= Charles Goodall Lee =

Chinese-American dentist

Charles Goodall Lee (1881 – 1973) was an American dentist and the first licensed Chinese American dentist in California. Lee financed the construction of the Chinese American Citizens Alliance lodge in Oakland, California. He graduated from the School of Dentistry at the University of the Pacific.

Lee was born in 1881 in San Francisco, California, to Lee Tong Hay, a lay leader of the forming Chinese Methodist Church associated with Otis Gibson's missions that would become the Chinese Community United Methodist Church.

After the 1906 San Francisco earthquake, Lee relocated to San Jose, California, and then settling in Oakland becoming Oakland Chinatown's first dentist. His practice continued until his retirement in 1940. He was an active participant in civil affairs founding Oakland's Chinese American Citizens Alliance in 1912. Lee was also a lay leader of the Chinese Community Methodist Church of Oakland, a member of the Oakland Chinese Center, and a member of the Lee Family Benevolent Association.

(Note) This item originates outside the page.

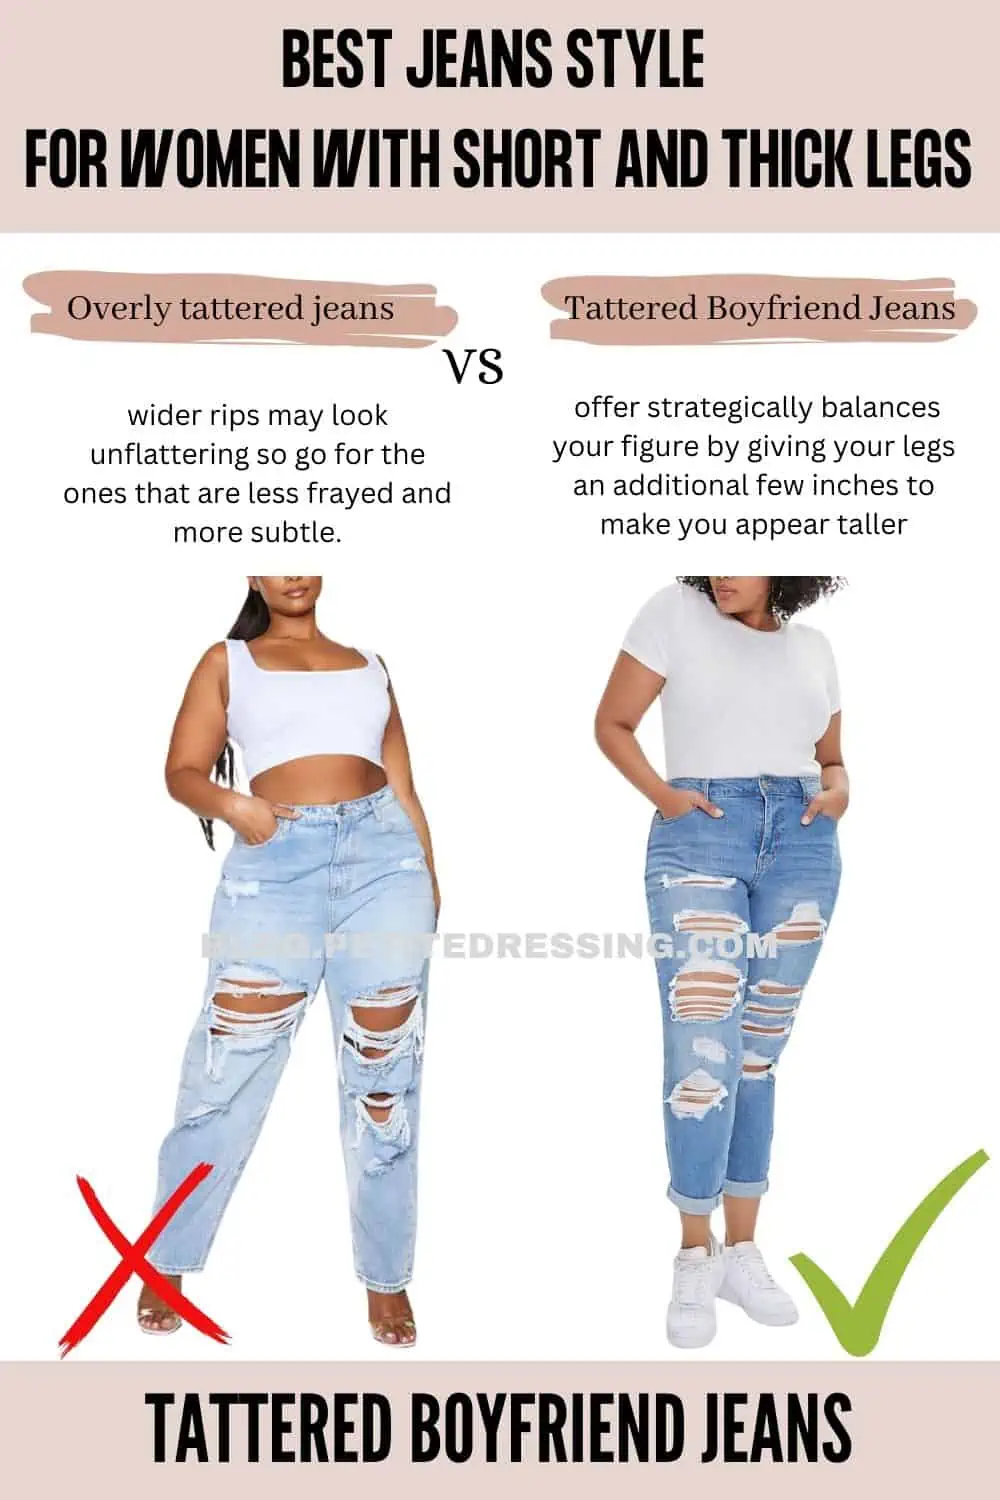 Styling Women's Jeans for Longer Legs

He was married to Clara Elizabeth Chan, who was the first Chinese American woman to register to vote in the United States.

He is interred in Oakland.

==Activism==
In 1912, Lee became one of six men who founded the Chinese American Citizens Alliance (C.A.C.A) Oakland Lodge (members including Chew Keung, Wong W. Kai, Jow Pong and Chancey Chan). The organization was formally named Native Sons of the Golden State, but after the earthquake of 1906 some members moved across the Bay to Oakland where there was a growing number of Chinese Americans. All of the founding men took the opportunity to purchase a building for the organization by each placing a deposit down for the headquarters. Complications arose after purchasing the building when the previous tenants required the members to pay “remodeling fees” before they were able to move in. So, all the members proceeded to pay for these repair fees with their own money, as well still coming together to buy the building. Lee contributed the largest payment for the purchasing of the building as well as the repair fees. As a member of the Oakland Lodge, Lee fought for the civil rights, equal economical and political opportunities, and the general welfare of Chinese Americans.

==Lee Benevolent Association==
Lee and his wife, Elizabeth, were also members of the Lee Family Benevolent Association.

==Chinese Community Methodist Church==
Lee became a lay leader in the church after he established his dental practice in the early 1900s.